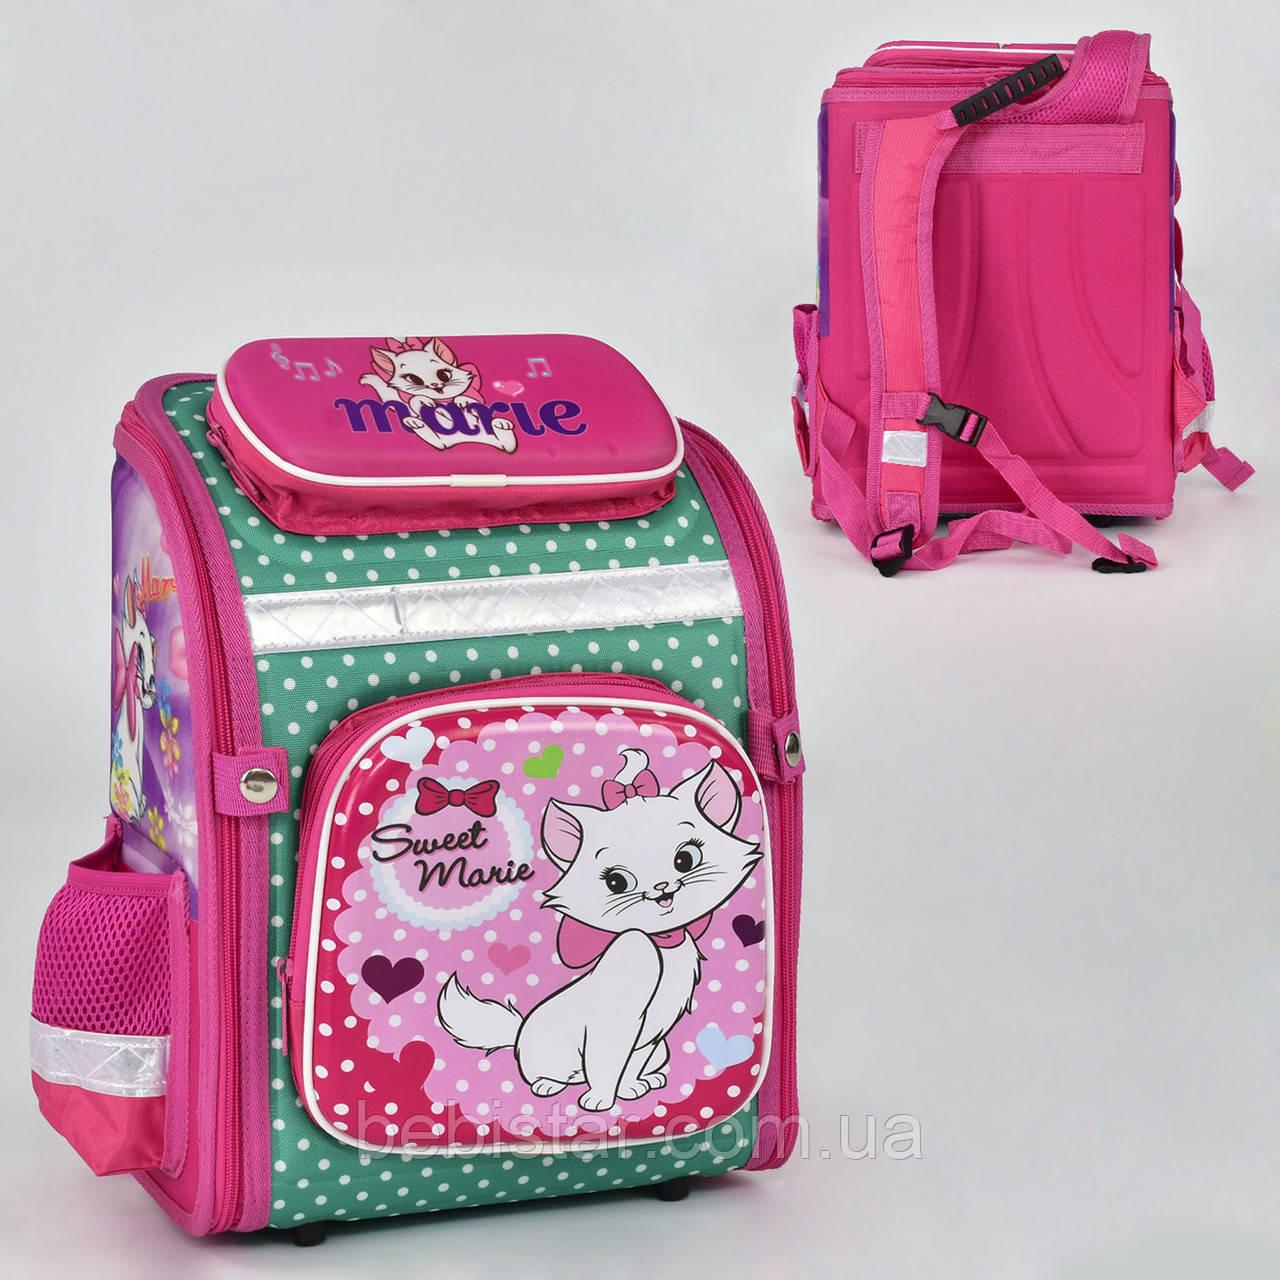 Школьный рюкзак ортопедическая спинка 3 кармана с изображением кошечки
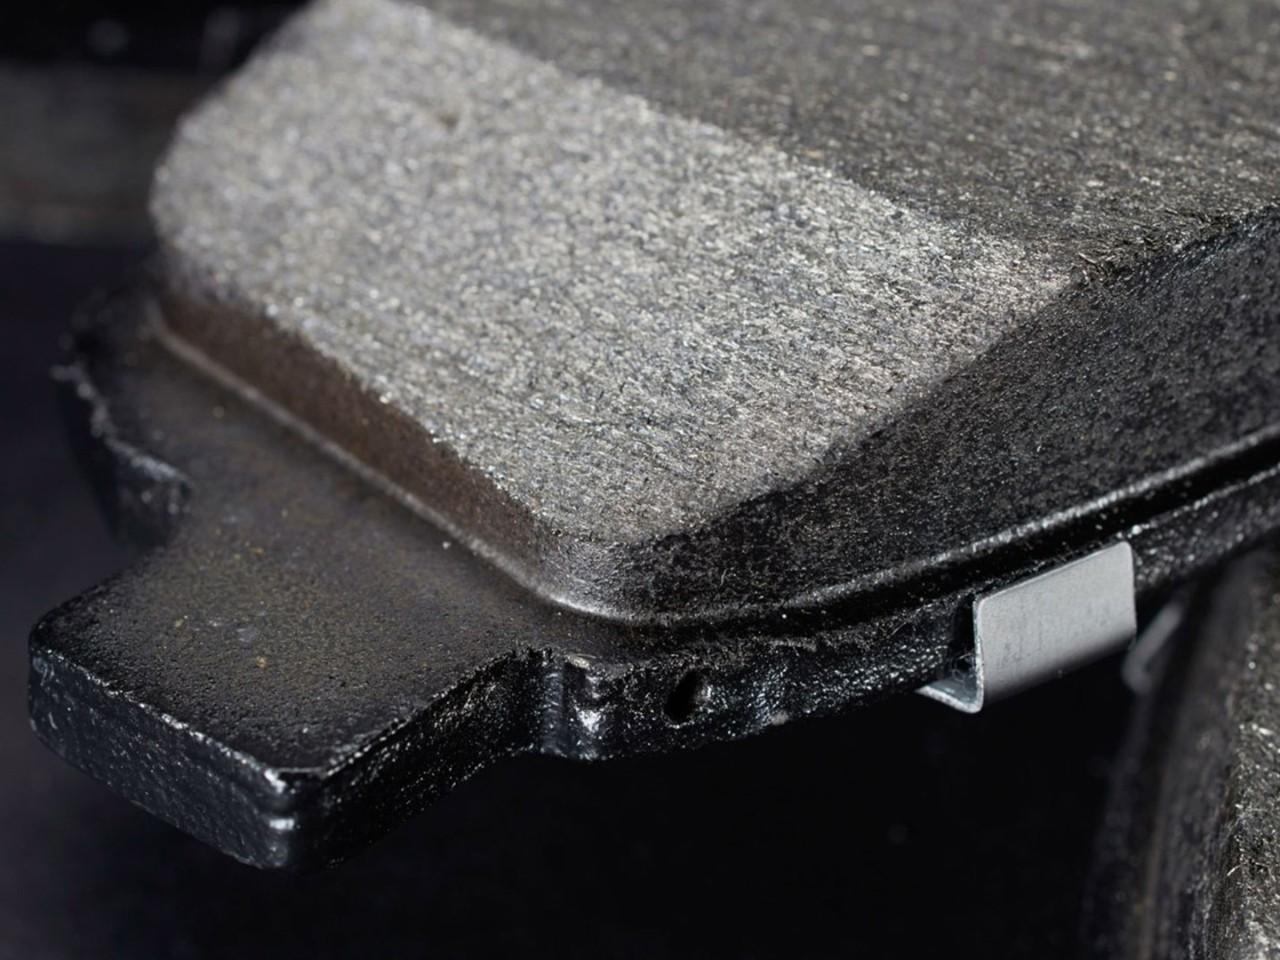 Motorcraft brake pads
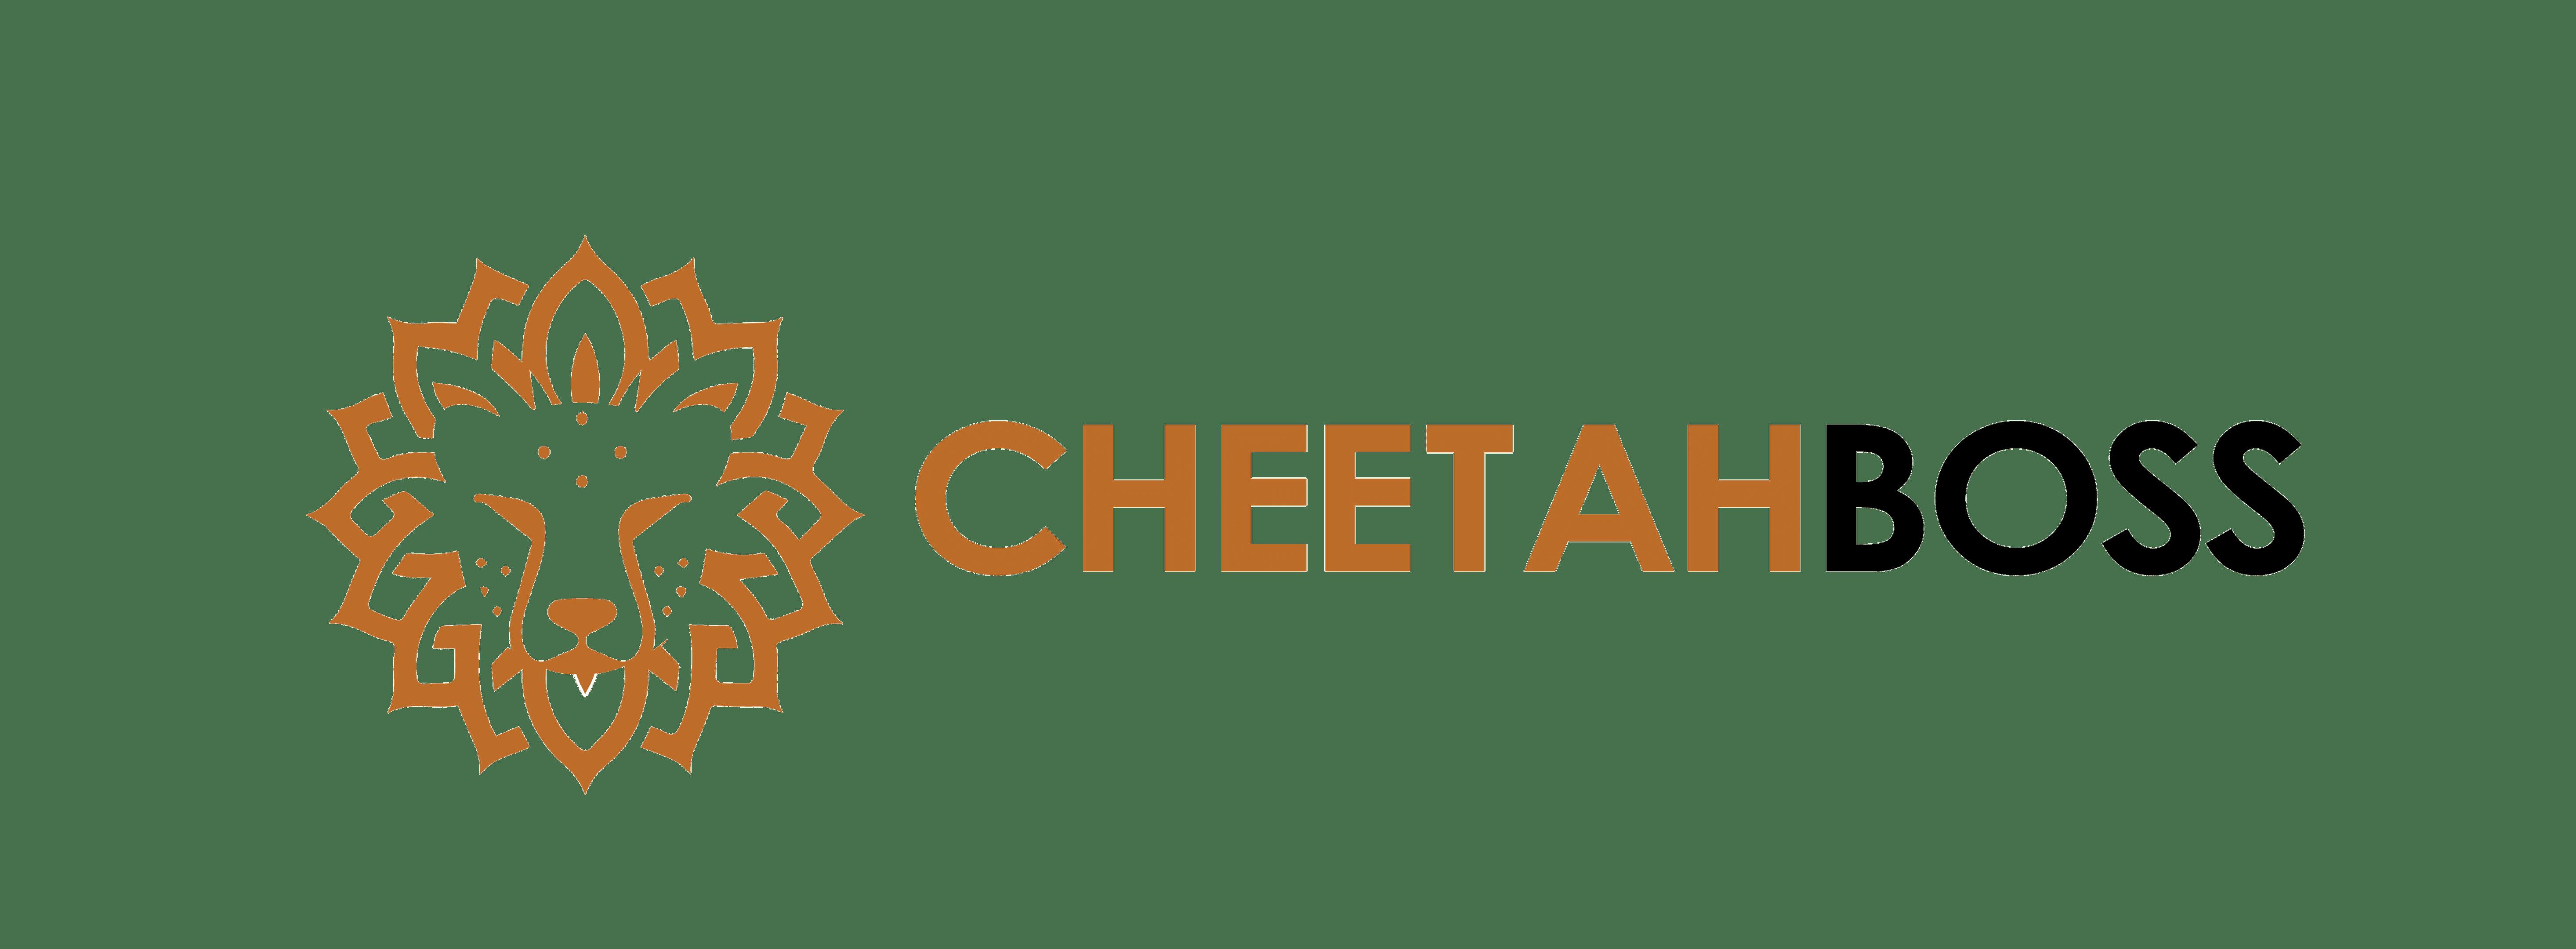 Cheetahboss Store

• **Instructions for the task**:
Pictures in the data above should not be copied; transcribe everything else exactly.

• **Solution to this exercise**:
 Школьный рюкзак ортопедическая спинка 3 кармана с изображением кошечки
 Motorcraft brake pads
 Cheetahboss Store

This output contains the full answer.